El diario de Ana Frank; los libros de Primo Levi; La pasajera, de Andrzej Munk; Shoah, de Lanzmann; incluso la polémica El portero de noche, de Liliana Cavani…, son algunos de los muchísimos elementos que componen nuestra prismática visión de los campos, a la que no cesan de llegar nuevas aportaciones tan extravagantes como las recientes novelas La zona de interés, de Martin Amis, y En el paraíso, de Peter Matthiessen.

“No hay respuestas fáciles. no hay prisioneros típicos ni típicos guardianes. la historia de los campos es un cambio constante”

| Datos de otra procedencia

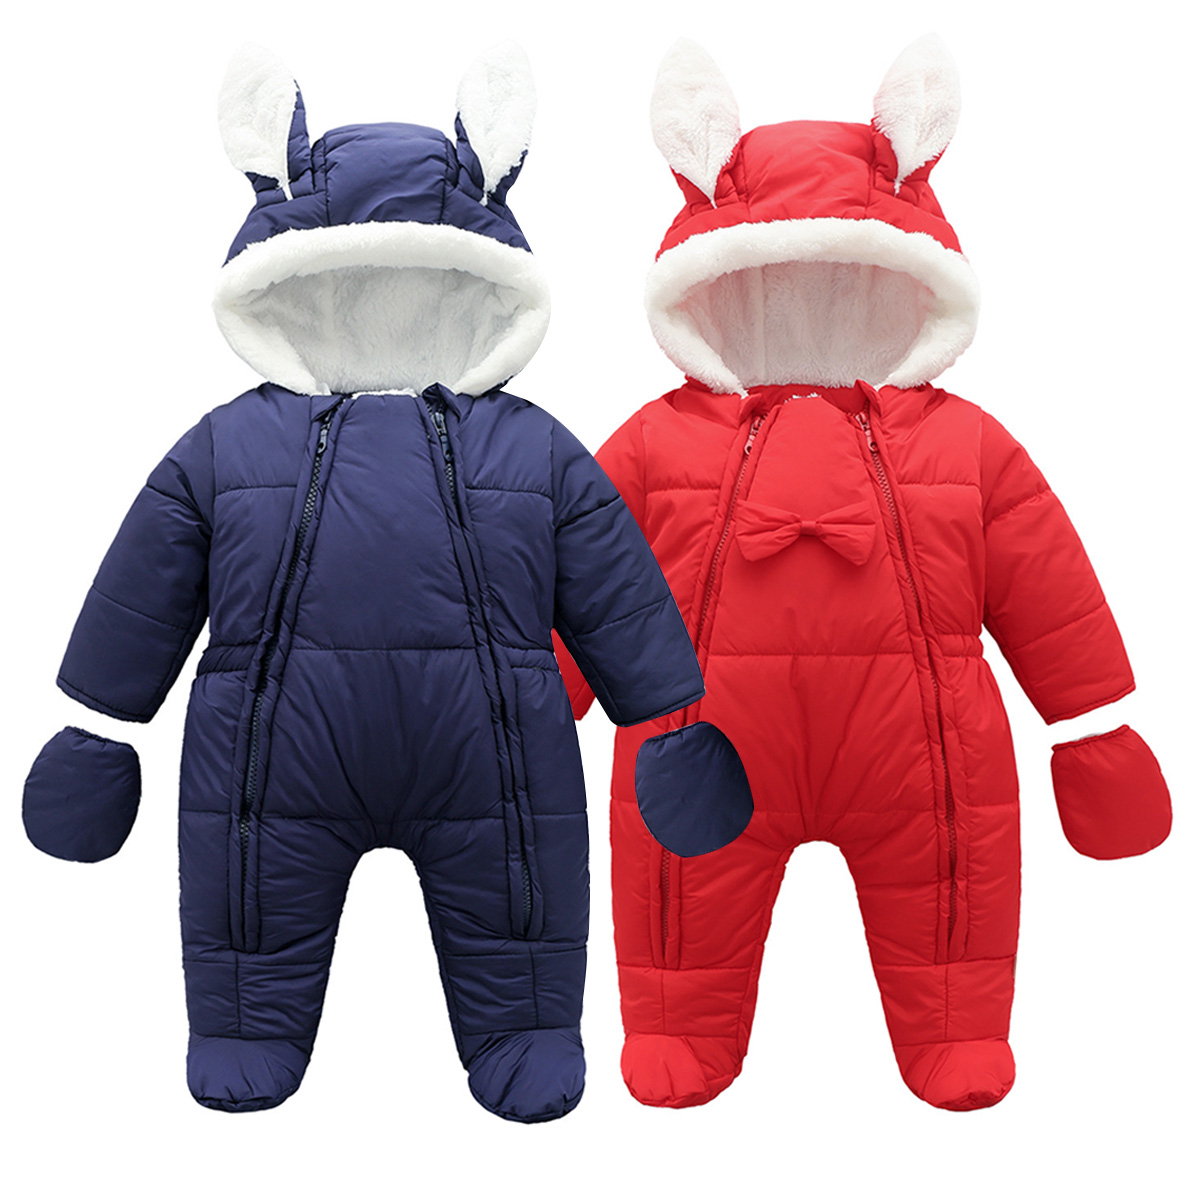 fdcf73c6d9e1 Infant Baby Girls Boys Romper Winter Hooded Outerwear Snowsuit ...

Algunos hemos tenido además el oscuro privilegio de visitar Auschwitz, contemplar los crematorios de Ravensbrück de la mano de la deportada Neus Català, enfrentarnos a las pilas de viejos zapatos de los gaseados en Majdanek y a las pesadas sombras de Sobibor, escuchar a Semprún una tarde hablar de Buchenwald, y a Imre Kertész, y a Gitta Sereny…, o ver el número tatuado en el antebrazo de David Galante mientras el superviviente de Birkenau describía quedamente la selección, las chimeneas y los fuegos. En ese caleidoscopio, en ese puzle de aflicción y crueldad cuesta tener una visión de conjunto, global, objetiva y científica.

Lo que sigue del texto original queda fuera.